Get help with morph.io and scraping

Getting 502 Bad Gateway error using Mechanize on a scraper

Hi there,

Just recently started playing around with Morph again as QuickCode is shutting down. I’ve had a scraper working for quite a while on QuickCode (Scraperwiki) scraping course registration data. It’s working fine in QuickCode/Scraperwiki but on Morph.io I get a 502 Bad Gateway Error:

Traceback (most recent call last):
File “scraper.py”, line 47, in
response = br.open(url, timeout=60)
File “/app/.heroku/python/lib/python2.7/site-packages/mechanize/_mechanize.py”, line 203, in open
return self._mech_open(url, data, timeout=timeout)
File “/app/.heroku/python/lib/python2.7/site-packages/mechanize/_mechanize.py”, line 255, in _mech_open
raise response
mechanize._response.httperror_seek_wrapper: HTTP Error 502: Bad Gateway

On Twitter, someone from Morph.io said it looked like a bad certificate. And, indeed, when I go to this site in Chrome I get a warning that says the certificate is invalid, so that sounds right.

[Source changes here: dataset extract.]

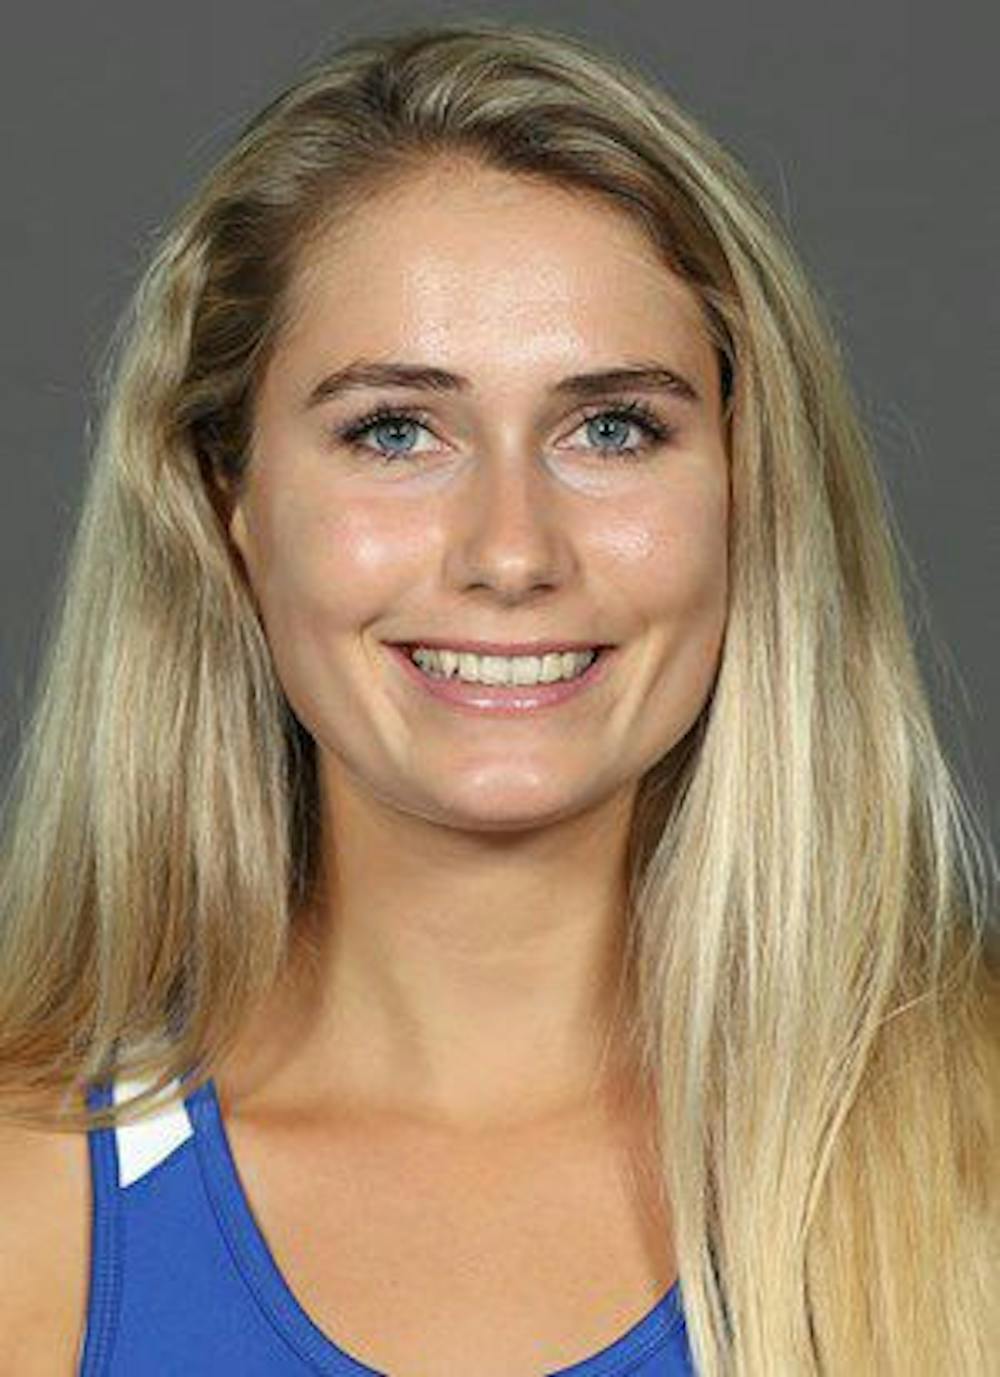 <p>Sophomore Ida Jarlskog nearly completed an improbable comeback Thursday. She lost to Vanderbilt's Fernanda Contreras, 6-1, 0-6, 6-4 in the round of 16 at the ITA Fall National Championships.&nbsp;</p>
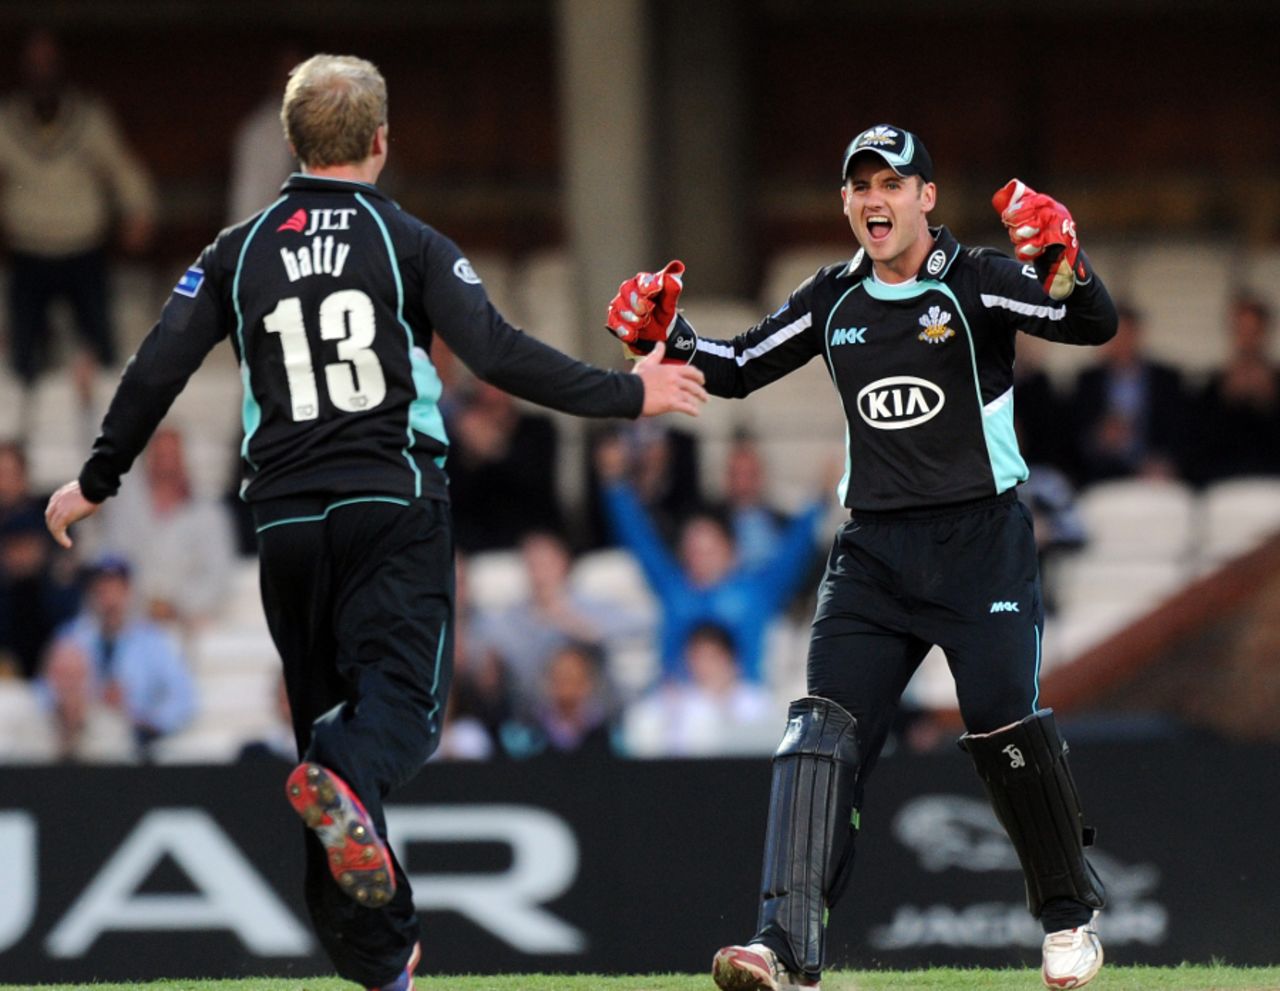 Gareth Batty took three wickets to help seal victory, Surrey v Essex, Friends Life t20, South Group, The Oval, June 13, 2012

But I don’t really care about the security vulnerability here. I just want to scrape the data. Is there some way I could just get mechanize to ignore the security certificate and plow on anyway?

Here’s the scraper:

Thanks!

Chad

Think I figured it out: The URL of the university changed from kwantlen.ca to kpu.ca

The old kwantlen.ca course site was still live but that broke the certificate because now the security certificate was coming from kpu.ca

When I changed the URL in the scraper to kpu.ca (the new course site), it started working!

Chad

1 Like

At the time, the answer was “Not easily; we funnel web traffic through a proxy which validates the certificates and you can’t override that”.

However, because of this issue (and a few other things that came up at the same time) we’ve disabled that proxy, so the answer now is “Yes, it should be fairly easy”. It looks like https://www.python.org/dev/peps/pep-0476/#opting-out is still relevant, I think, but I haven’t tested this.

1 Like